Brief:
From the records below, please print only the lines from the one containing "다이캐스팅 알루미늄 방수 IP65 실외용 LED 스트리트 라이트" through the one containing "Fondo Amarillo Y Naranja Hd 1600x900", both included. Skip the pictures.

Records shown:
+--
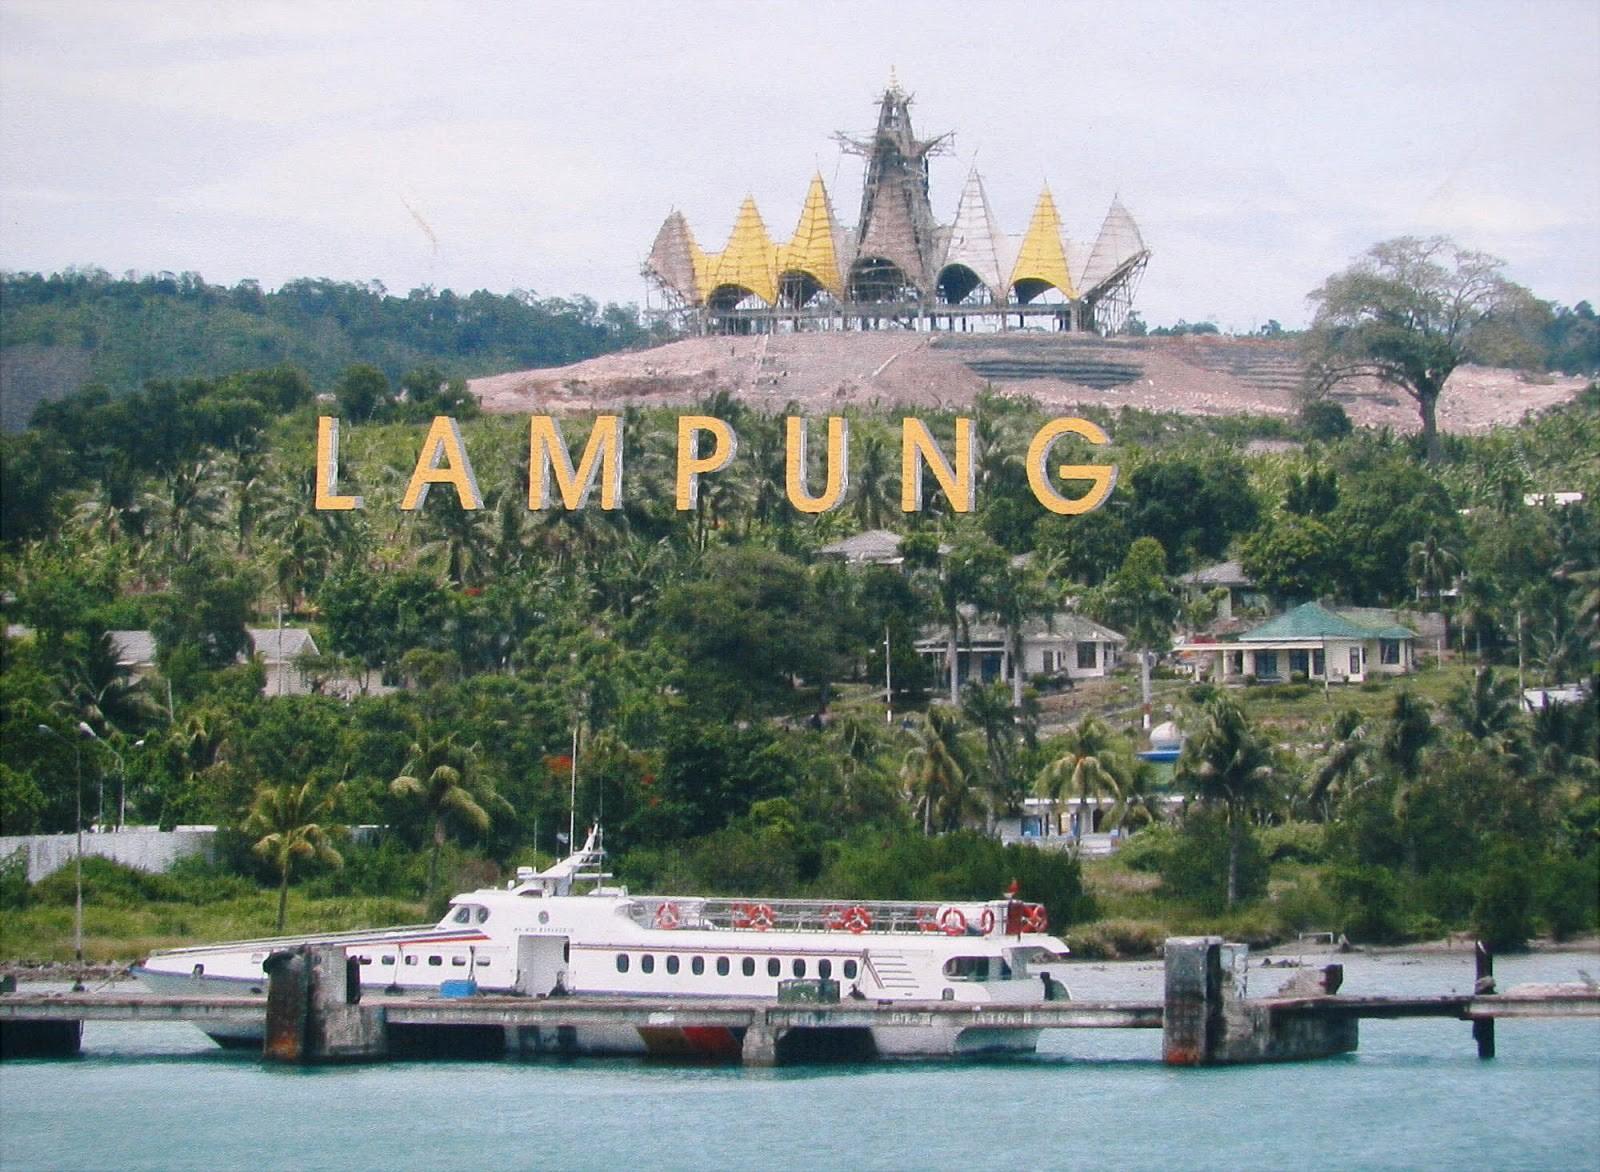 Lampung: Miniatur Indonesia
+--
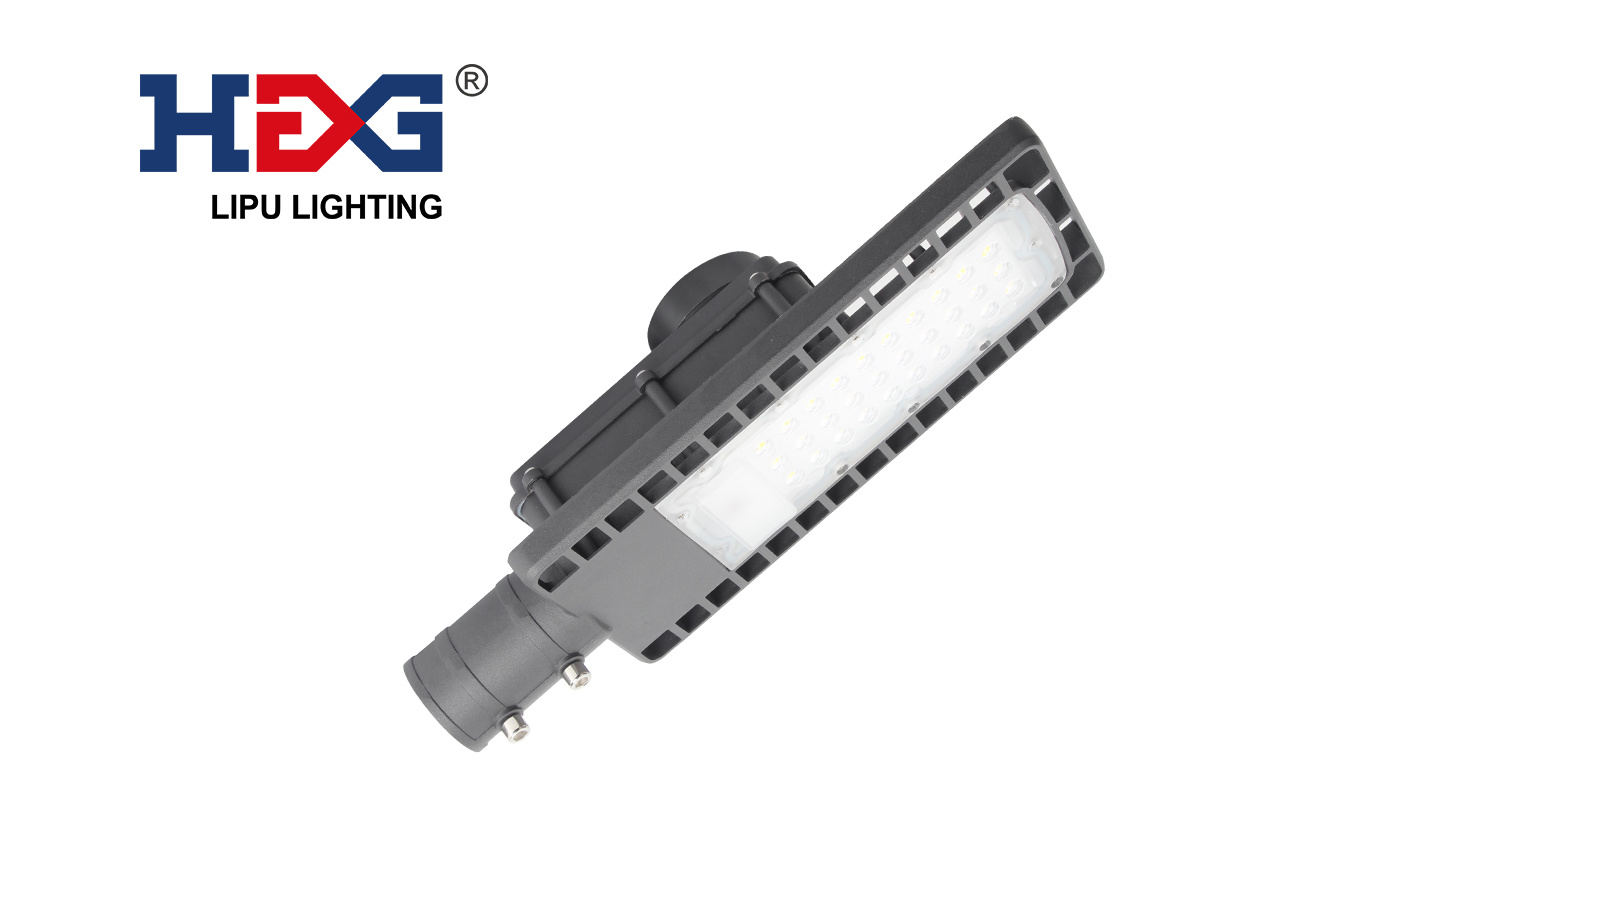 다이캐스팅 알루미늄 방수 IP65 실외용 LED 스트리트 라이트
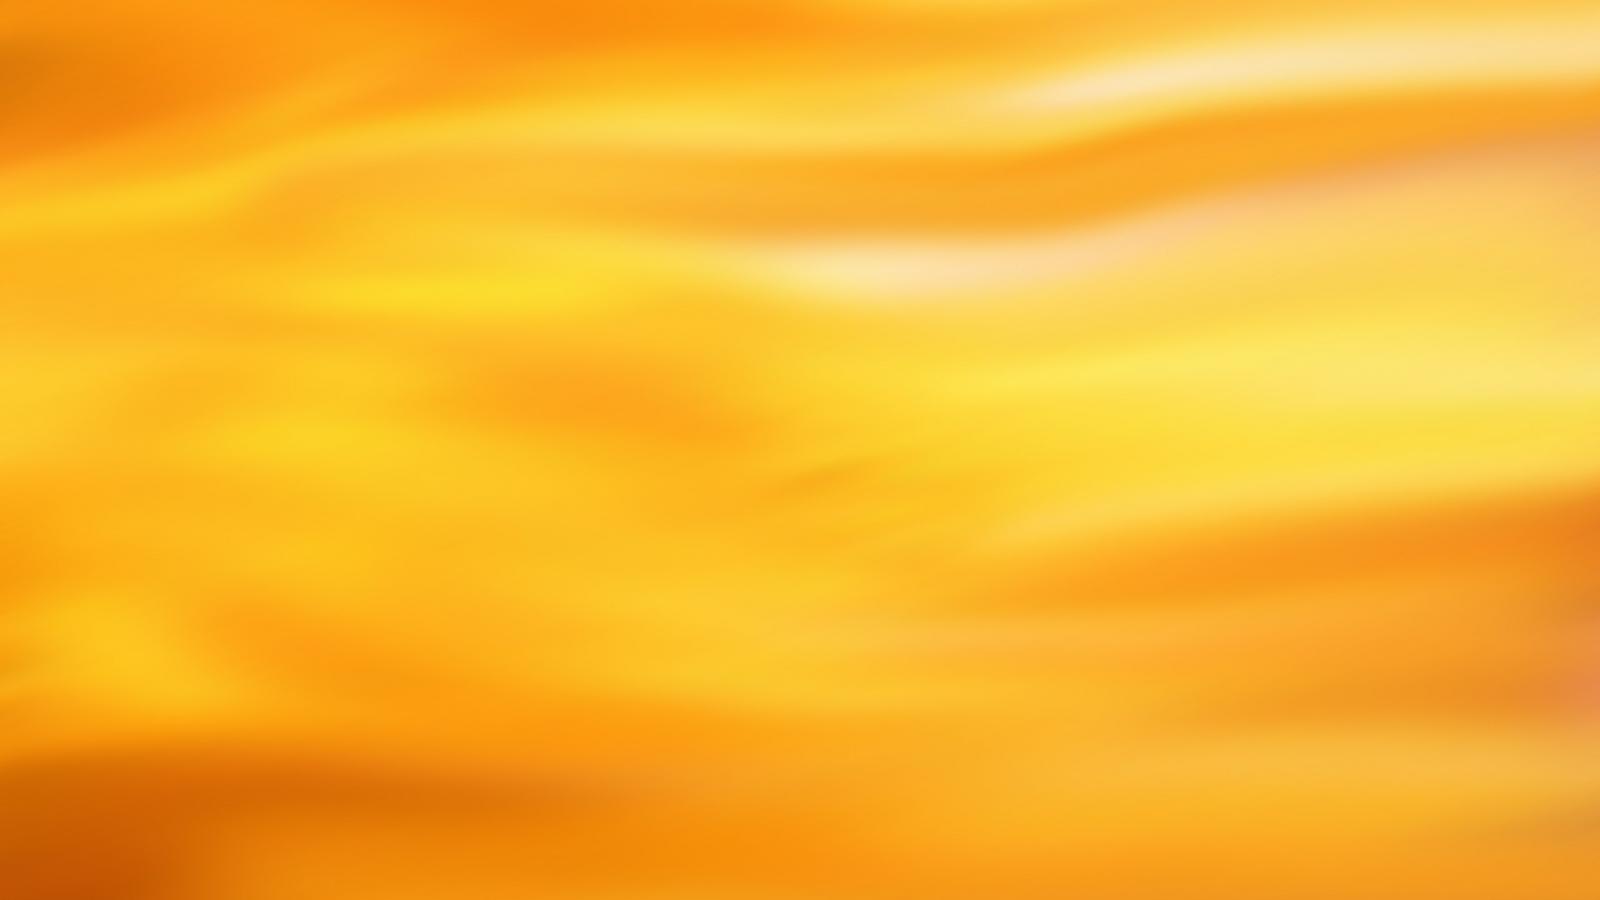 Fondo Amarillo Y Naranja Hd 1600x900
+--
Written response:
 다이캐스팅 알루미늄 방수 IP65 실외용 LED 스트리트 라이트
 Fondo Amarillo Y Naranja Hd 1600x900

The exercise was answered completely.